* [Recorded data]:
-=-=-=-=-
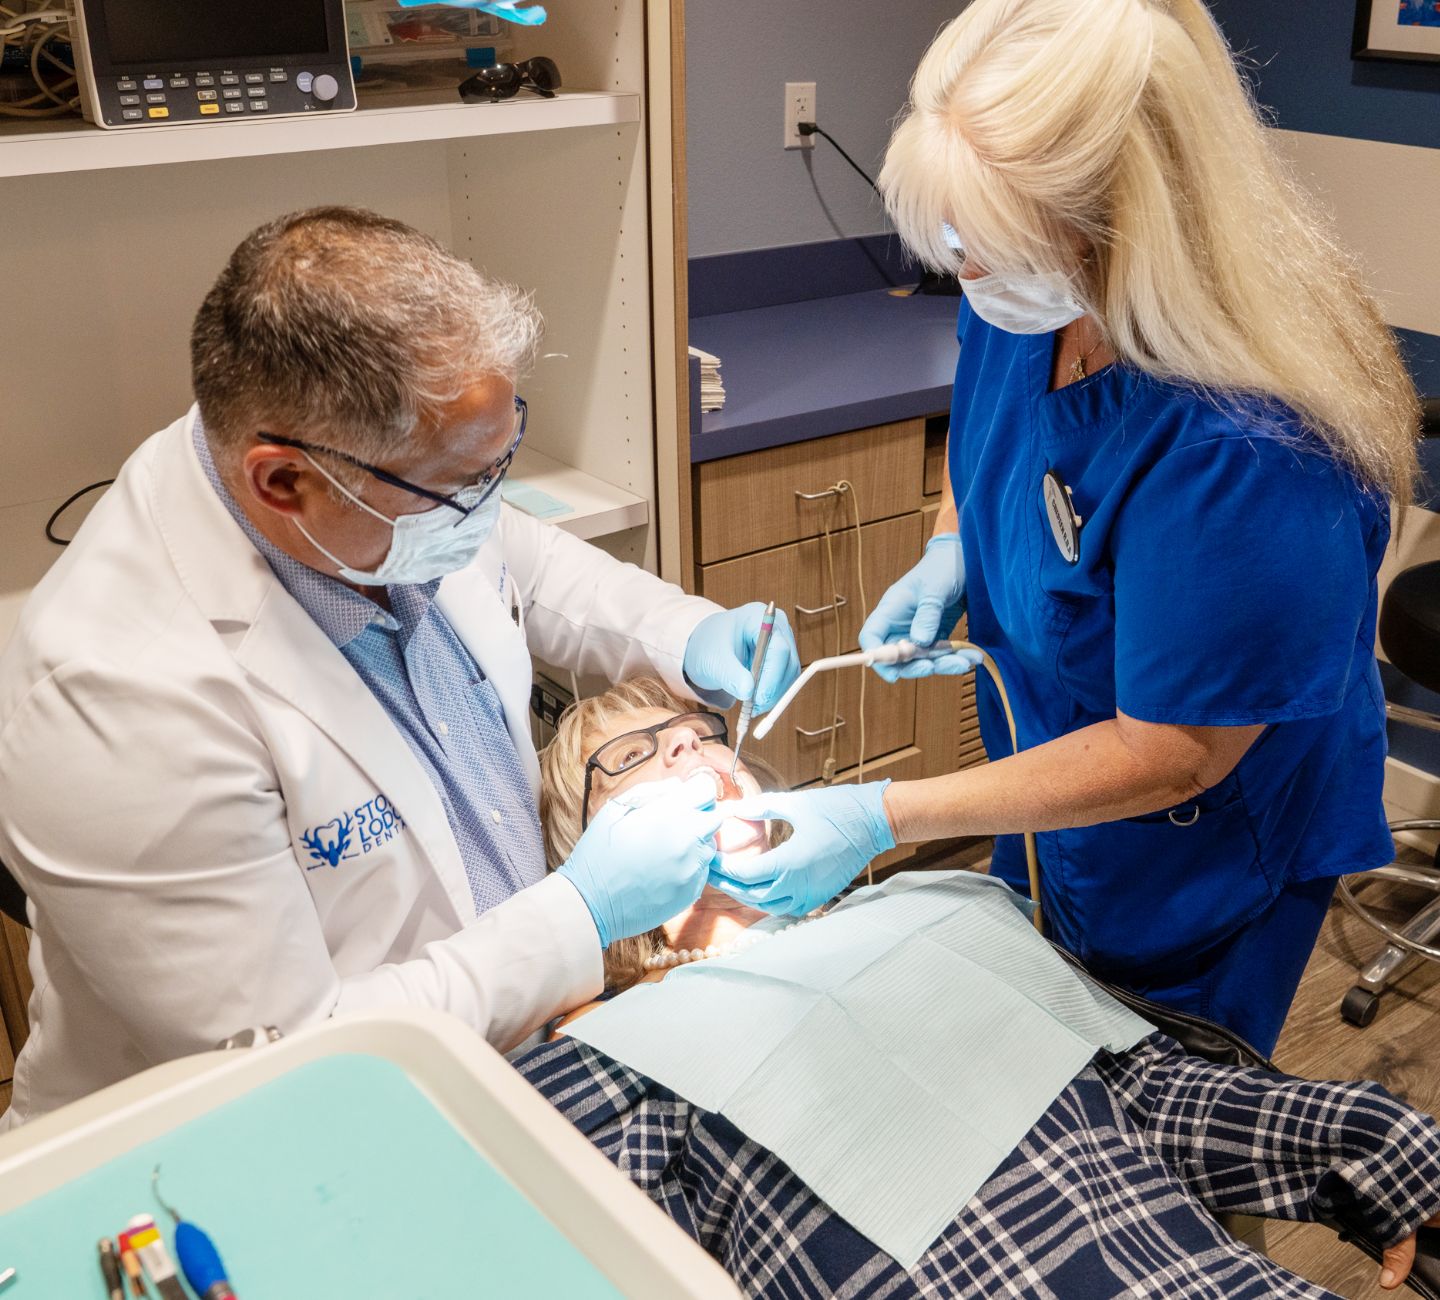 A patient receiving a dental cleaning
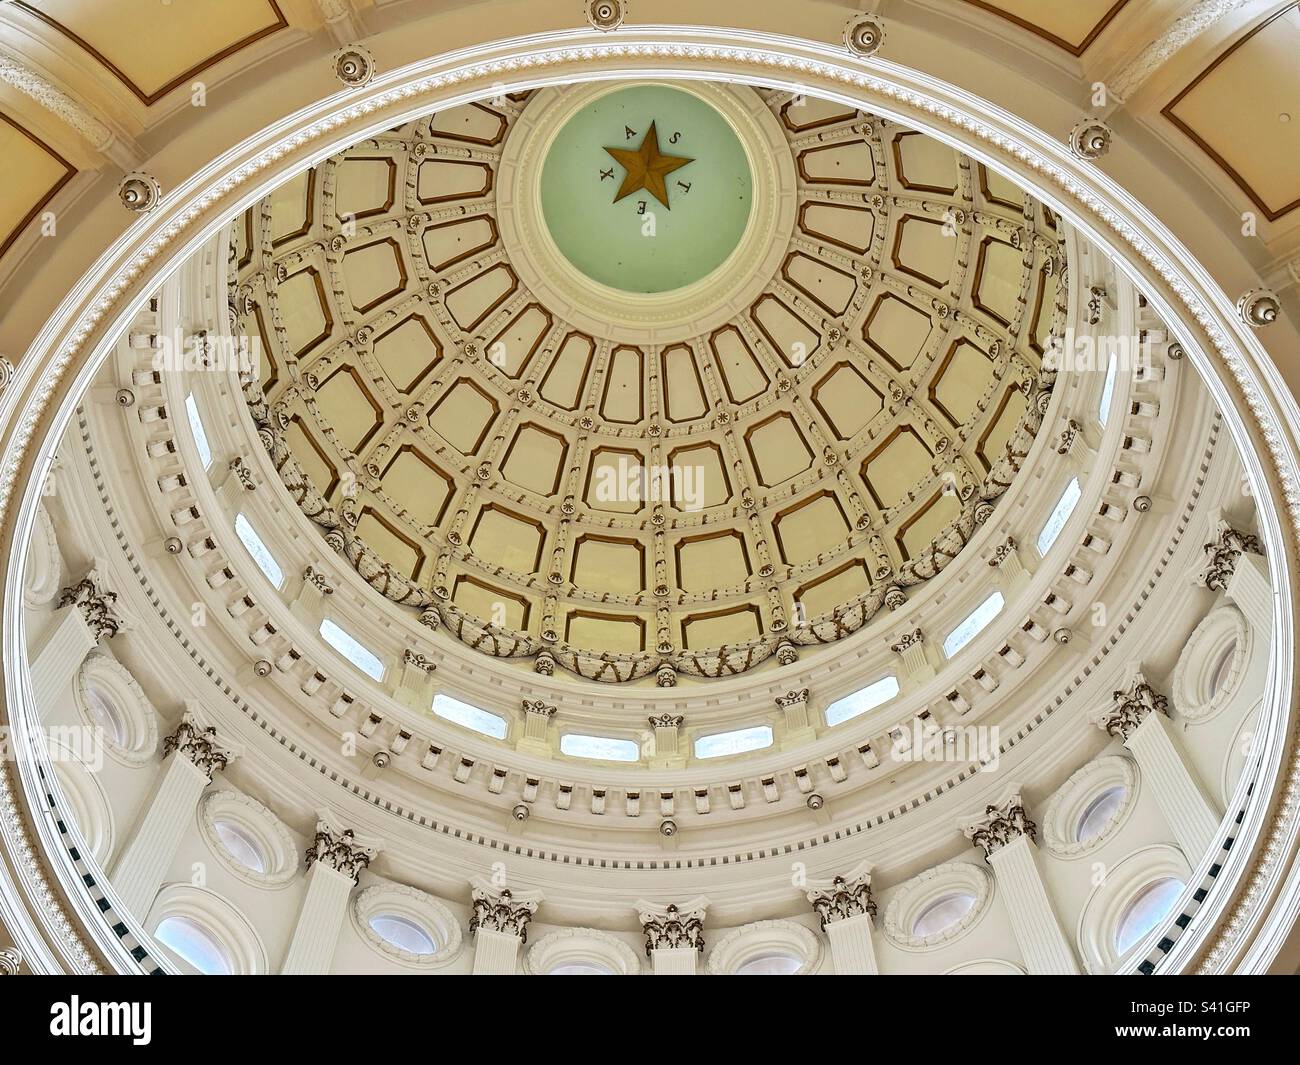 Domed ceiling of the Texas StateCapital building in Austin. No people. Stock Photo
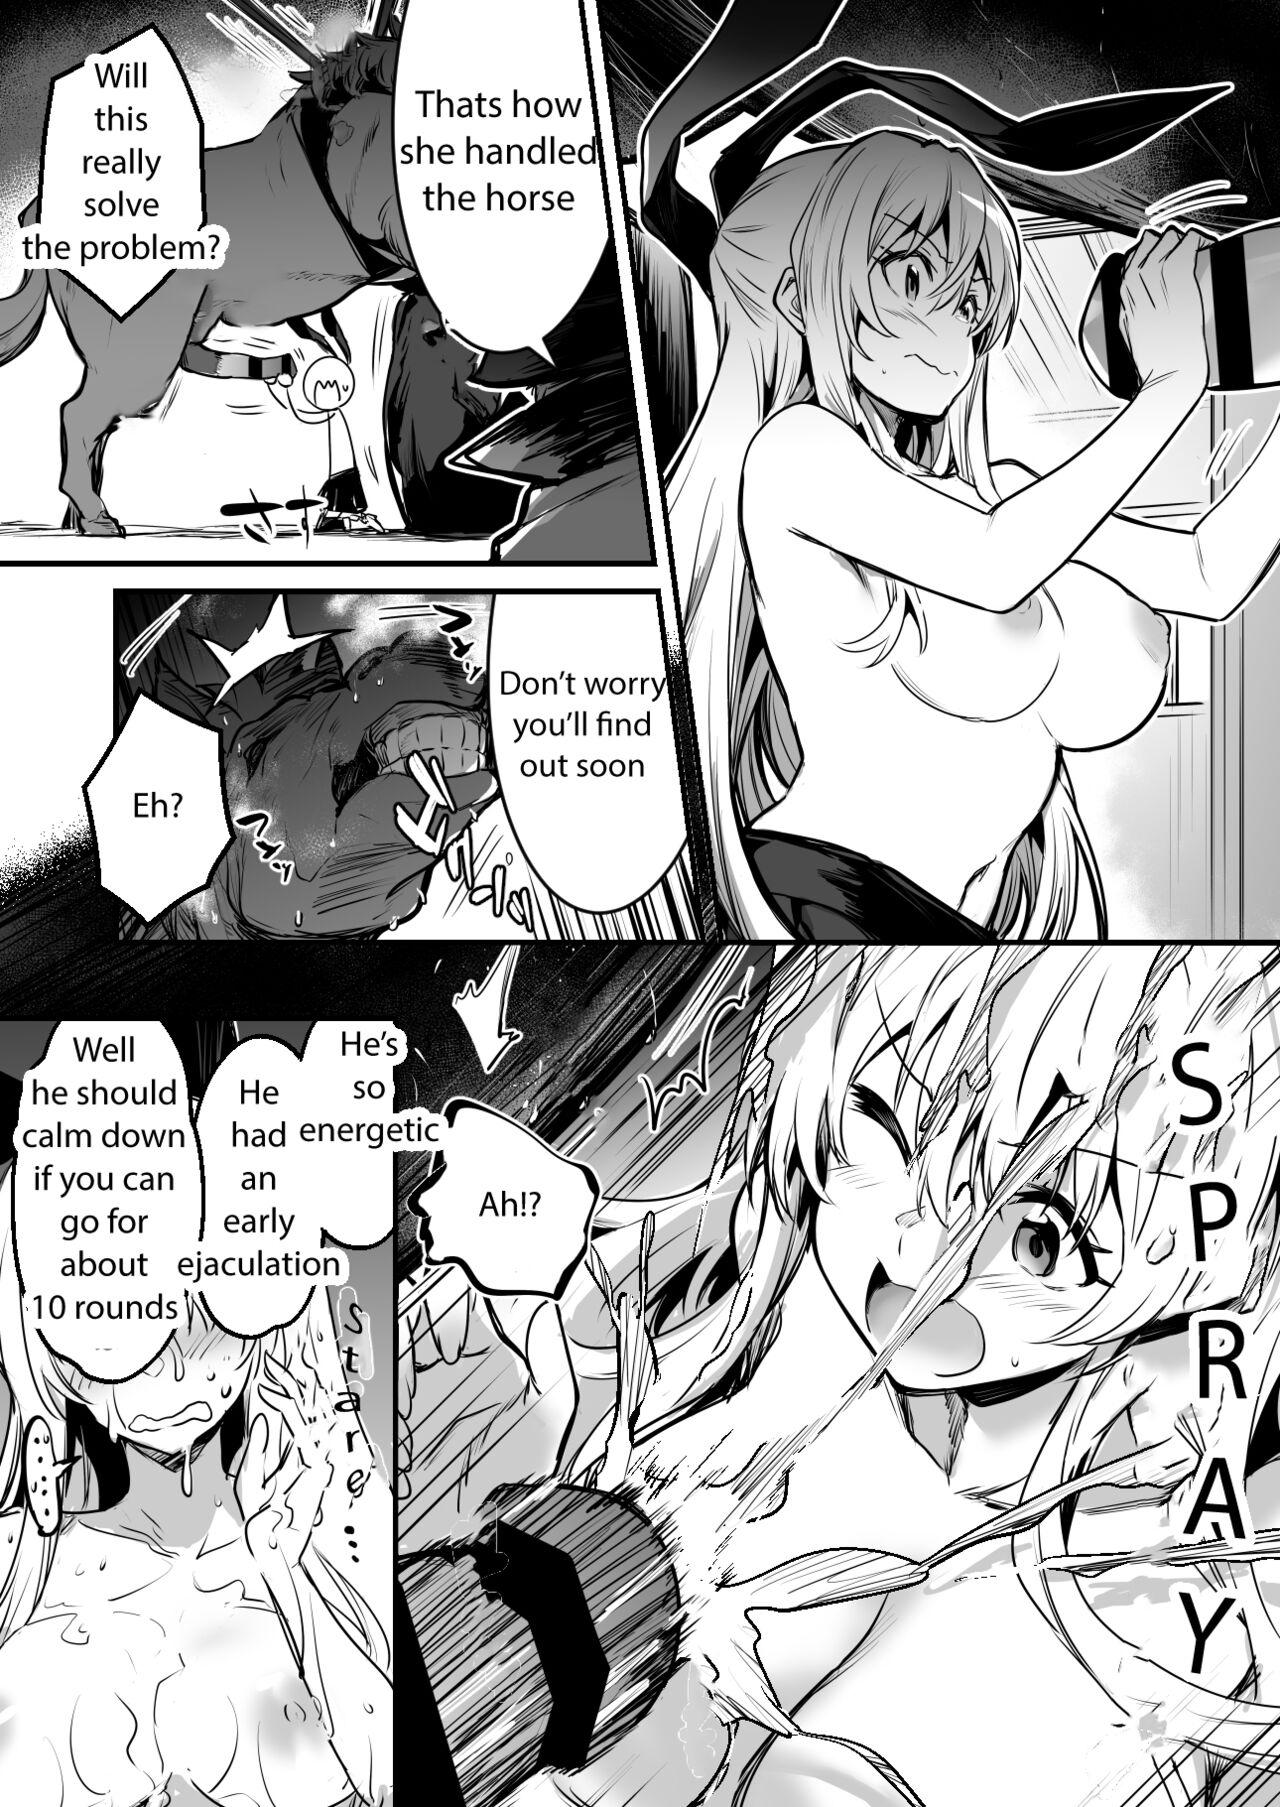 Chupa Adventure-chan helps the lustful horse cum so he'll carry her away Ejaculation - Page 3
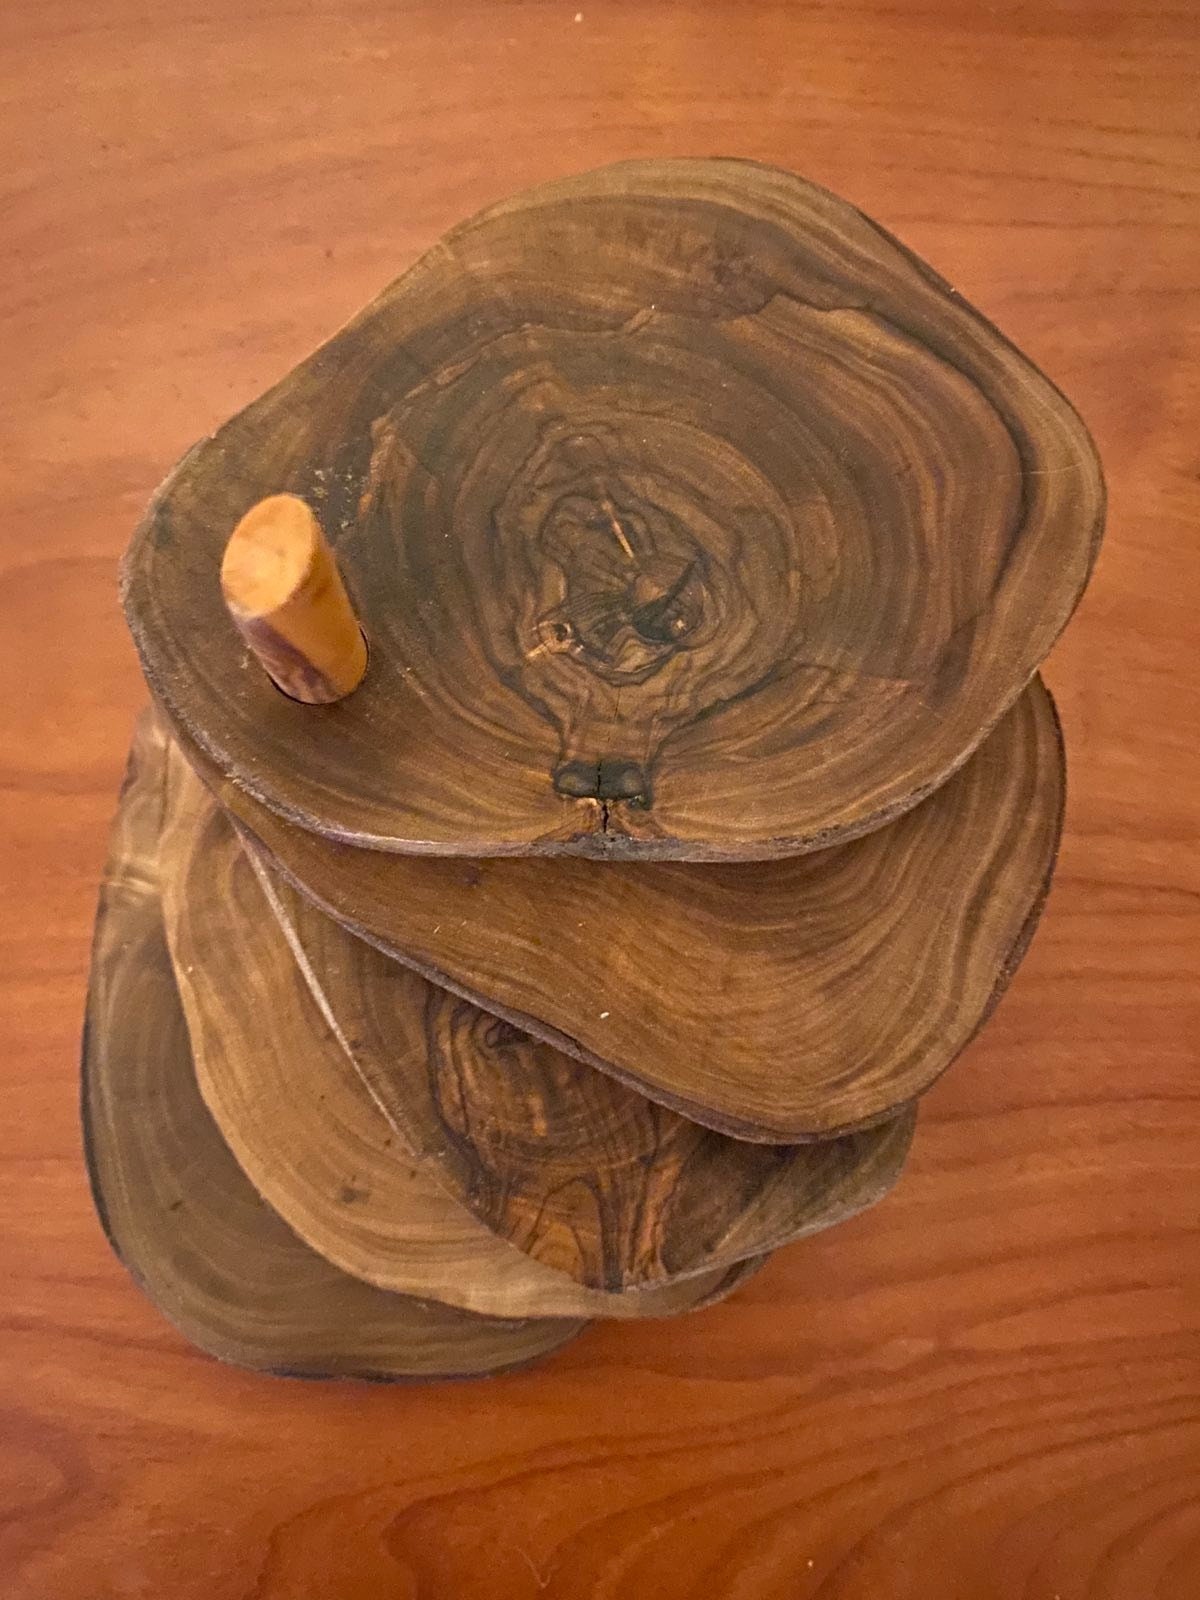 Olive Wood Square Coasters - Set of 4 - Naturally Med
-=-=-=-=-
* [Exercise]:
The data is to be returned exactly as it stands, pictures aside.

* [Answer for this exercise]:
 A patient receiving a dental cleaning
 Domed ceiling of the Texas StateCapital building in Austin. No people. Stock Photo
 Chupa Adventure-chan helps the lustful horse cum so he'll carry her away Ejaculation - Page 3
 Olive Wood Square Coasters - Set of 4 - Naturally Med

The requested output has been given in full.